Work to be completed »
Write out the full listing exactly as given, minus the images.

======== Data excerpt

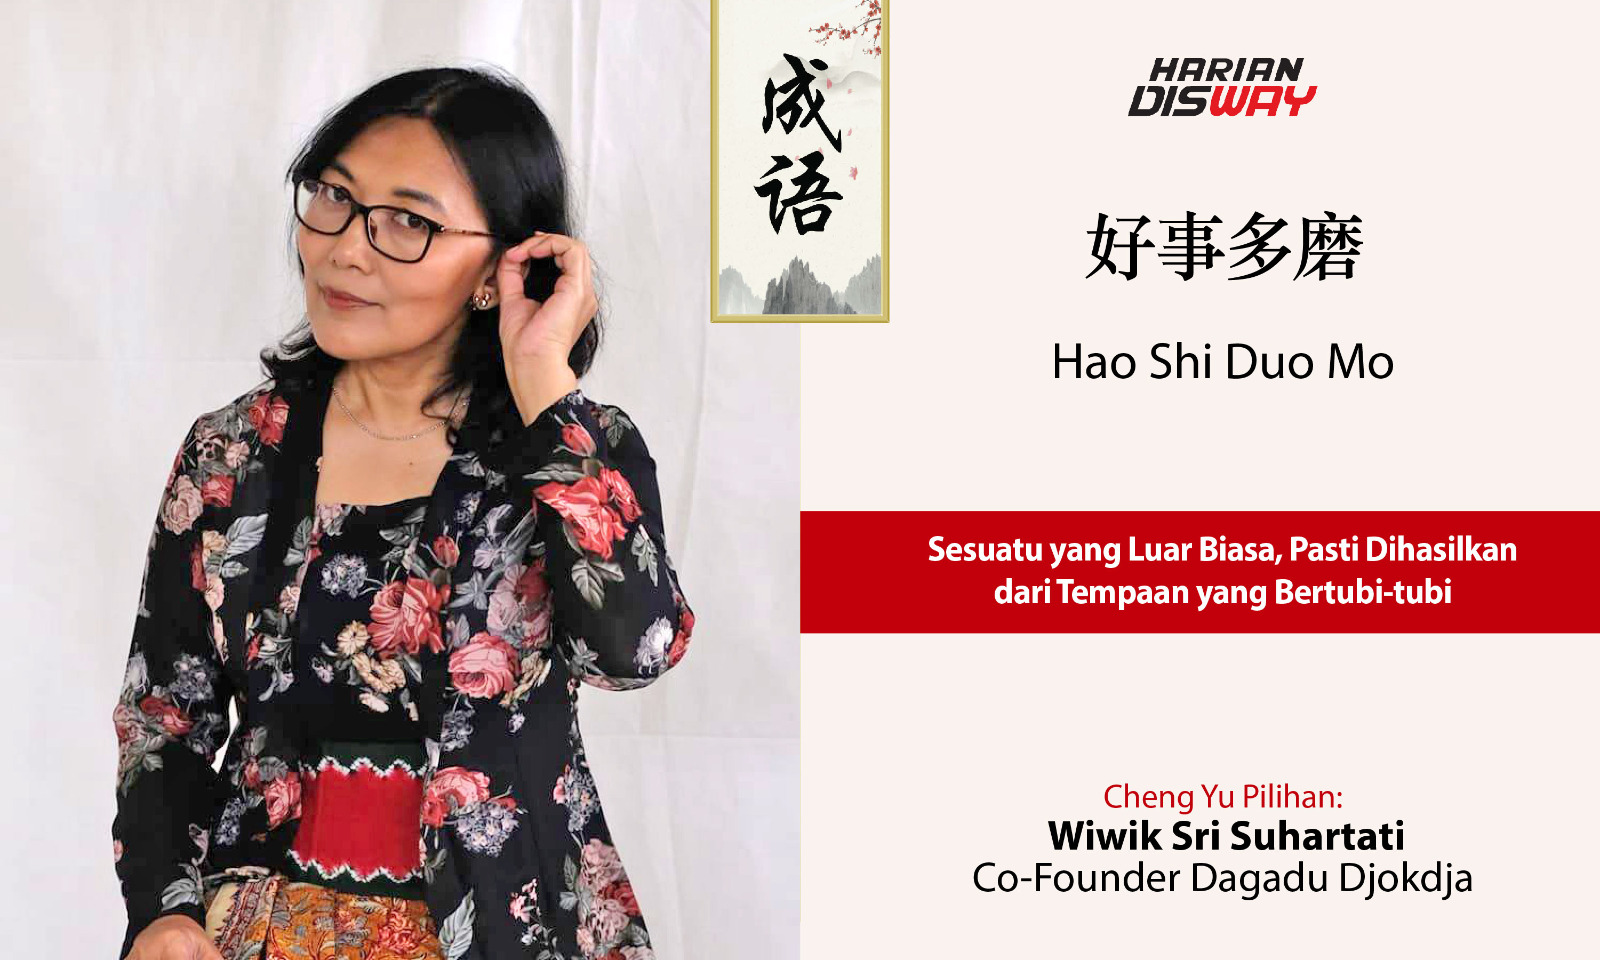 Cheng Yu Pilihan Co-Founder Dagadu Djokdja Wiwik Sri Suhartati:  Hao Shi Duo Mo
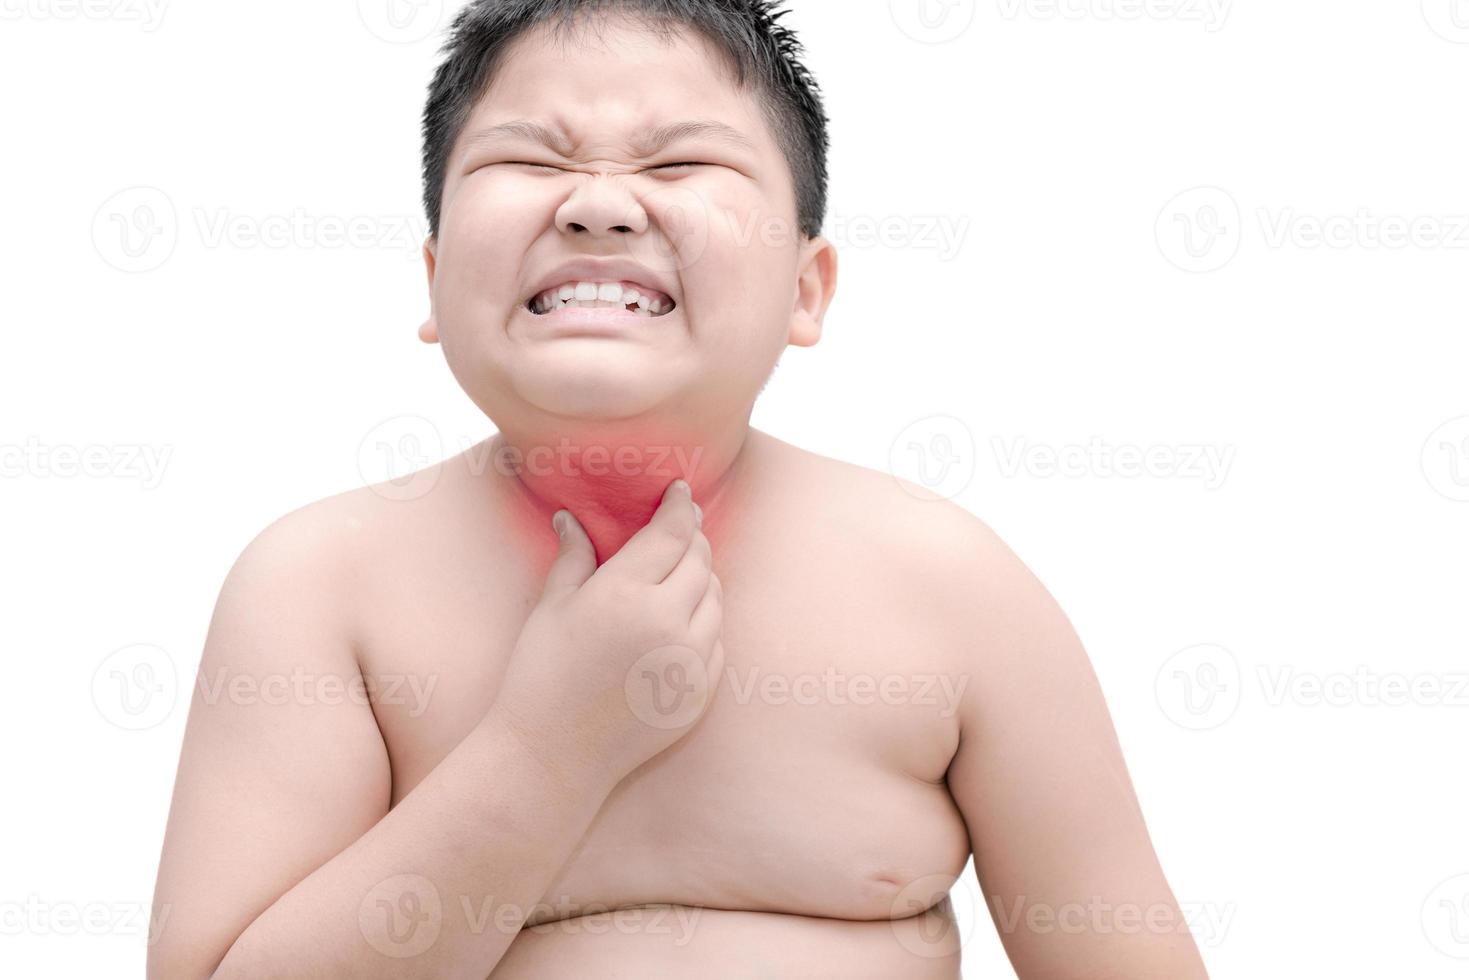 zwaarlijvig dik jongen krassen de jeuk met hand, keel irritatie, geïsoleerd foto
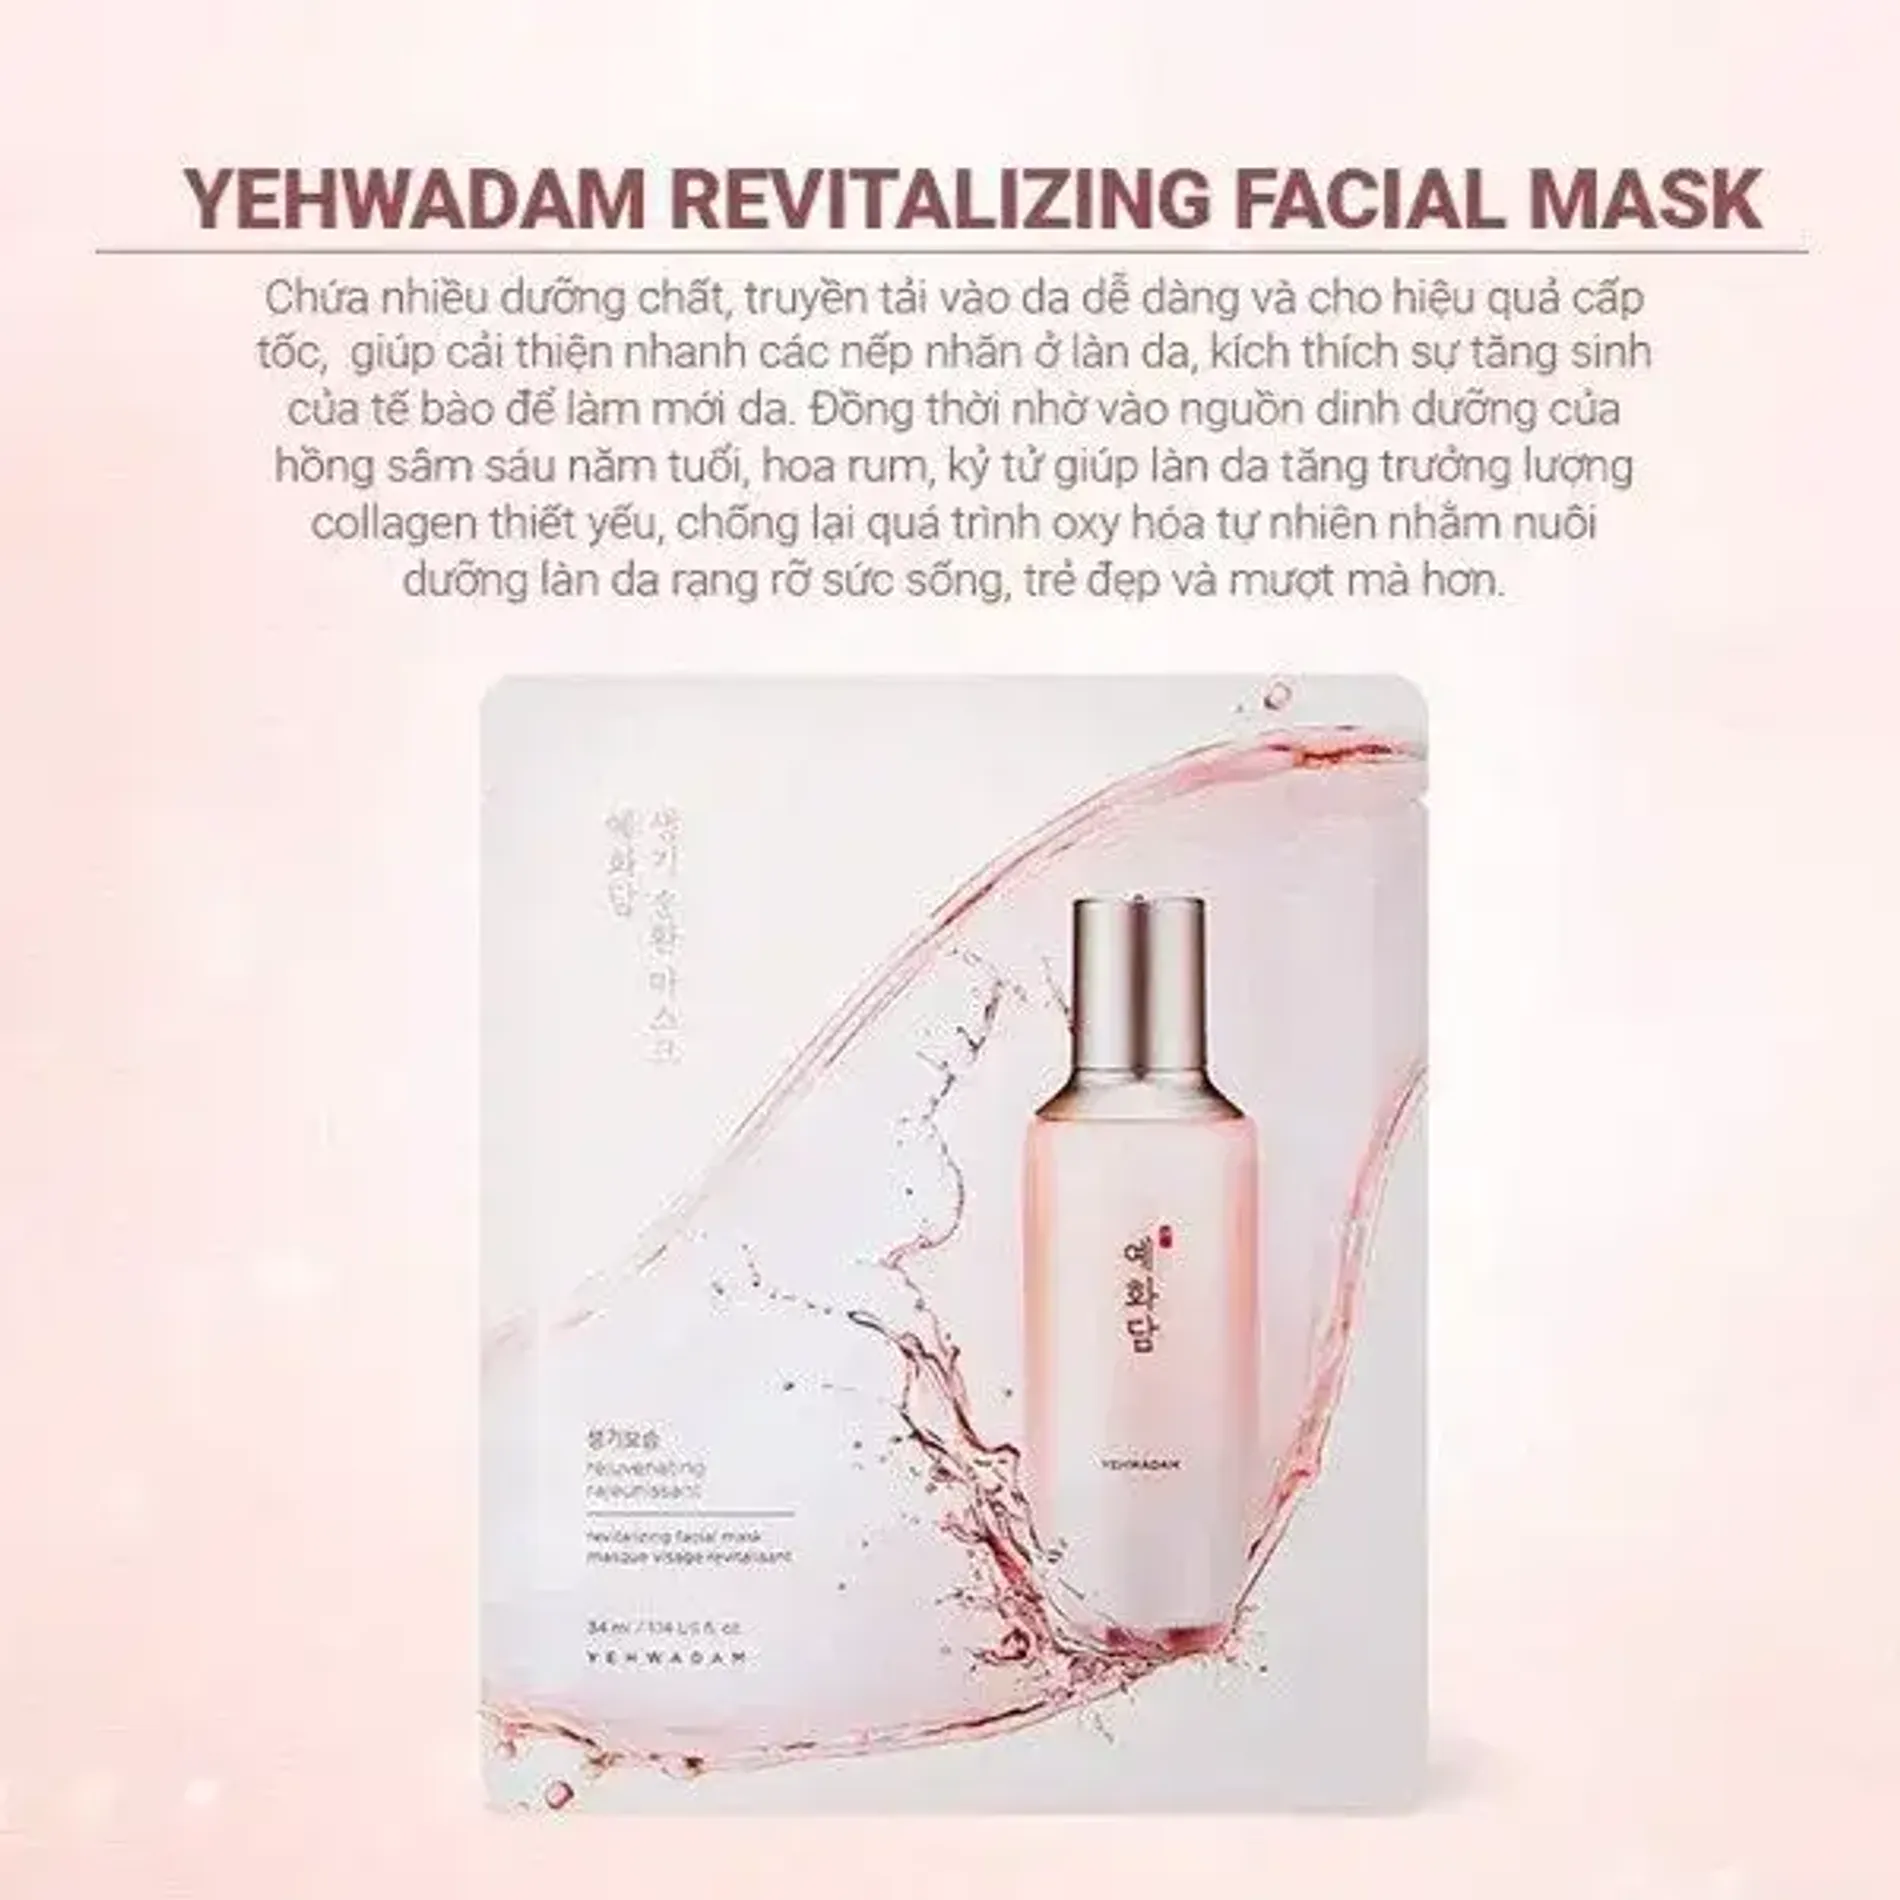 mat-na-duong-da-sang-hong-chong-lao-hoa-thefaceshop-yehwadam-revitalizing-facial-mask-34ml-2
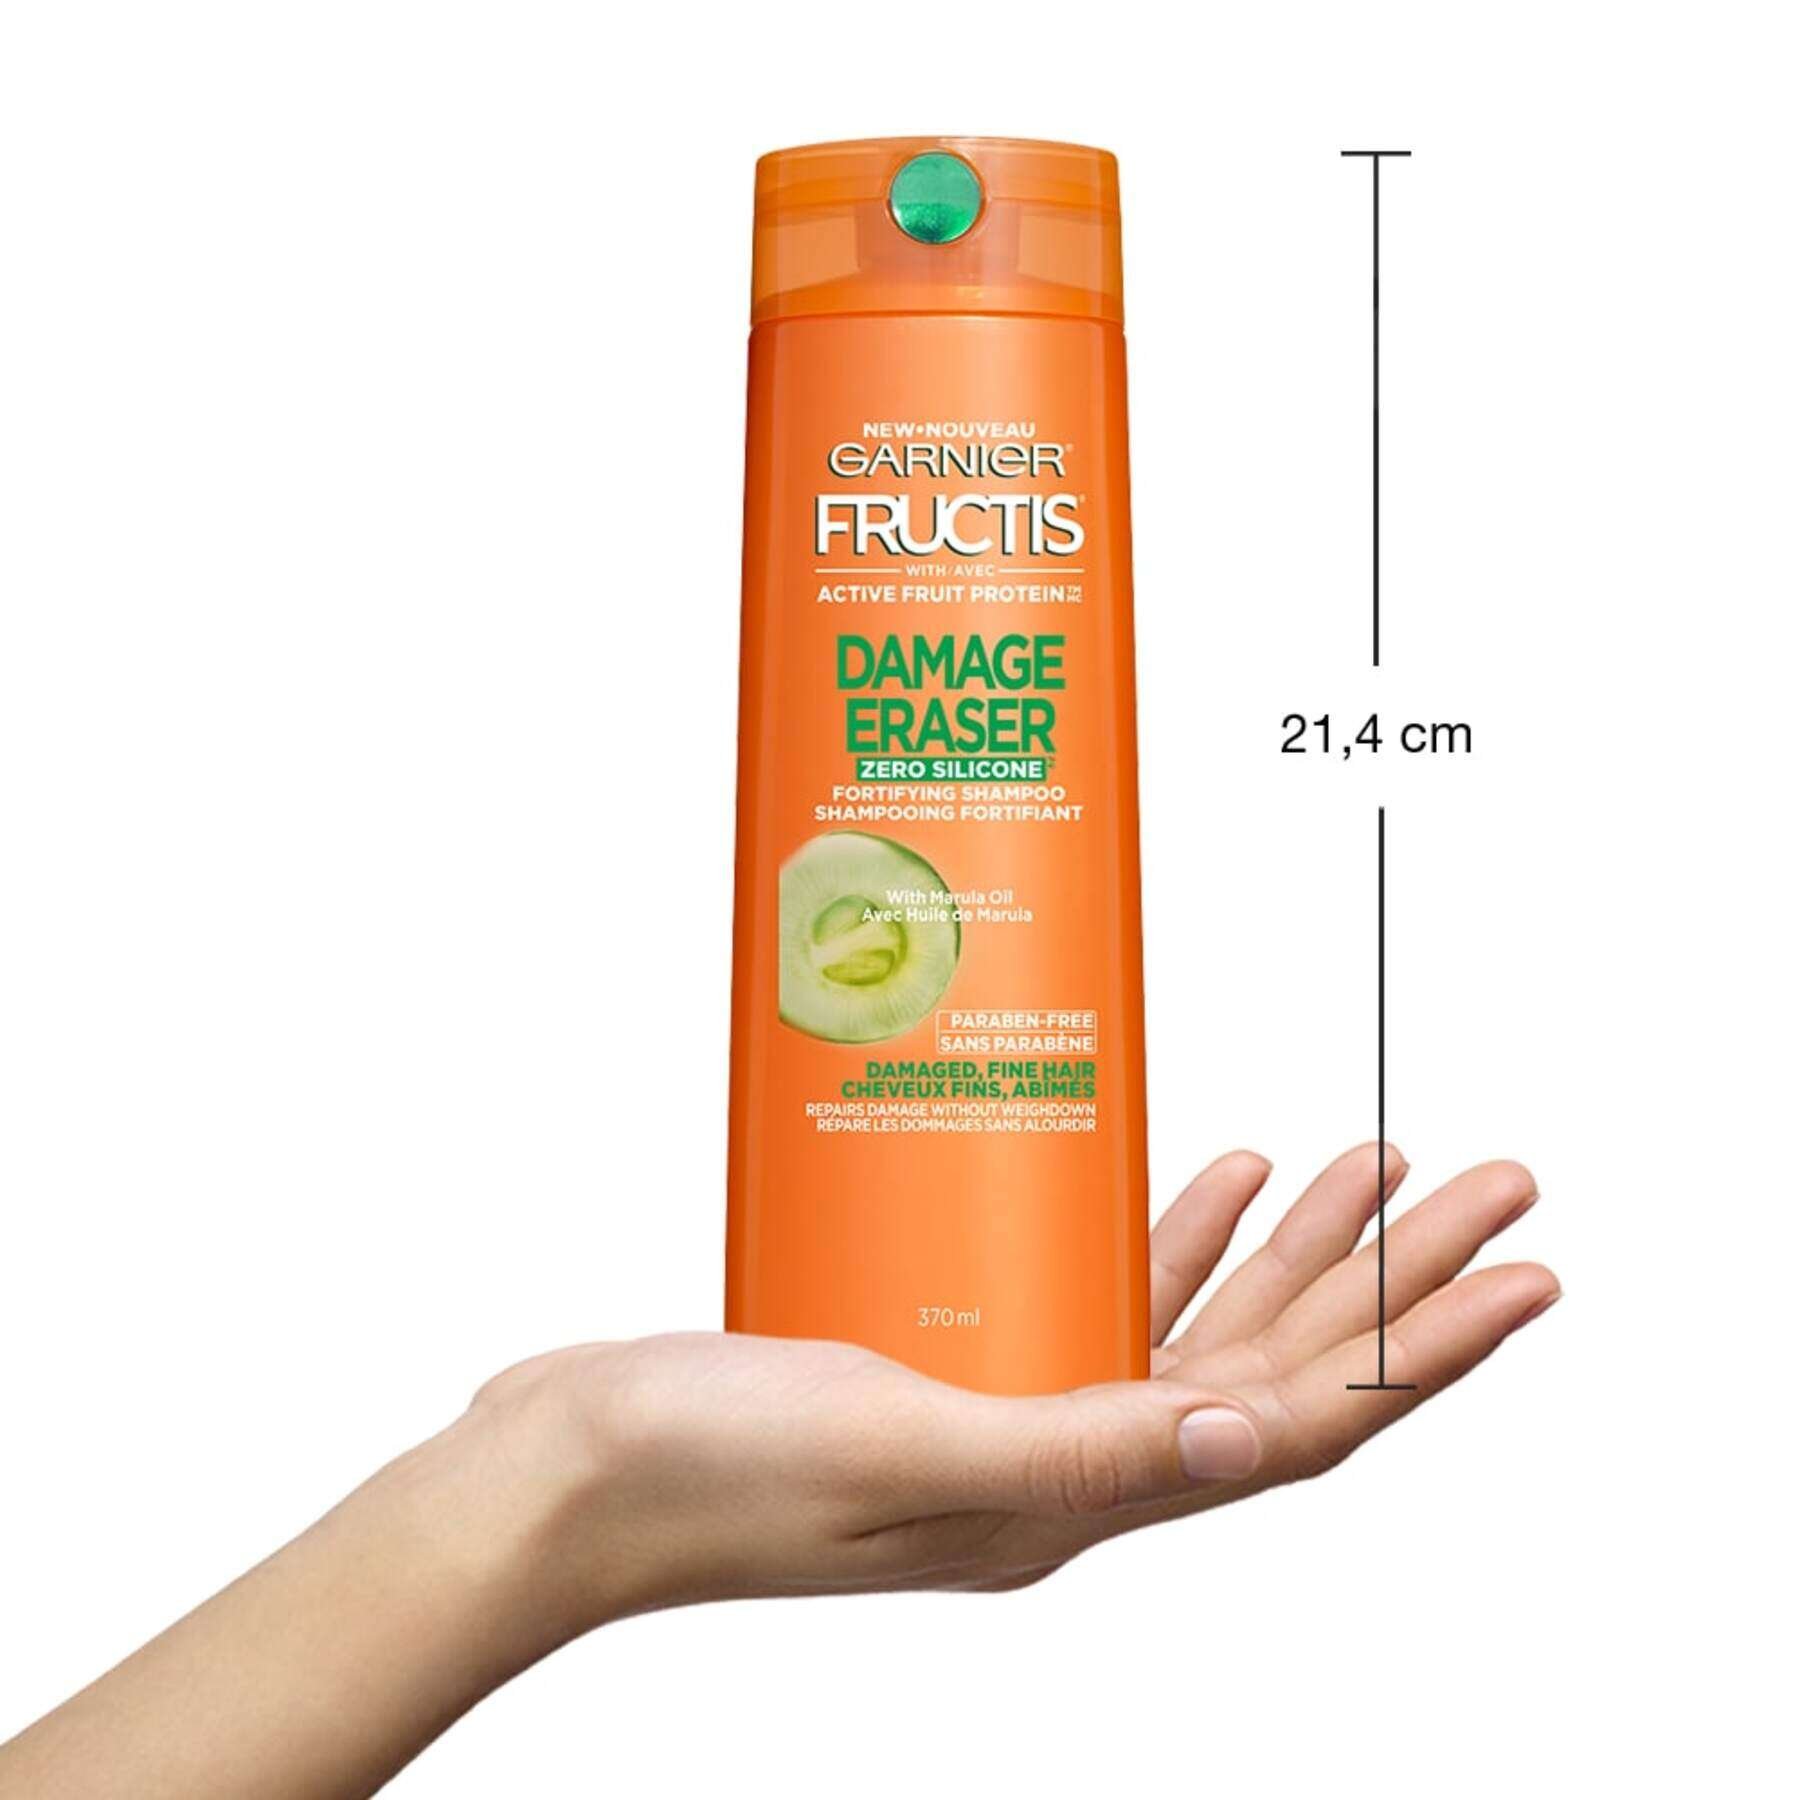 garnier shampoo fructis damage eraser zero silicone shampoo 370 ml 603084495528 inhand

================

Solution to the problem »
 Cheng Yu Pilihan Co-Founder Dagadu Djokdja Wiwik Sri Suhartati:  Hao Shi Duo Mo
 zwaarlijvig dik jongen krassen de jeuk met hand, keel irritatie, geïsoleerd foto
 mat-na-duong-da-sang-hong-chong-lao-hoa-thefaceshop-yehwadam-revitalizing-facial-mask-34ml-2
 garnier shampoo fructis damage eraser zero silicone shampoo 370 ml 603084495528 inhand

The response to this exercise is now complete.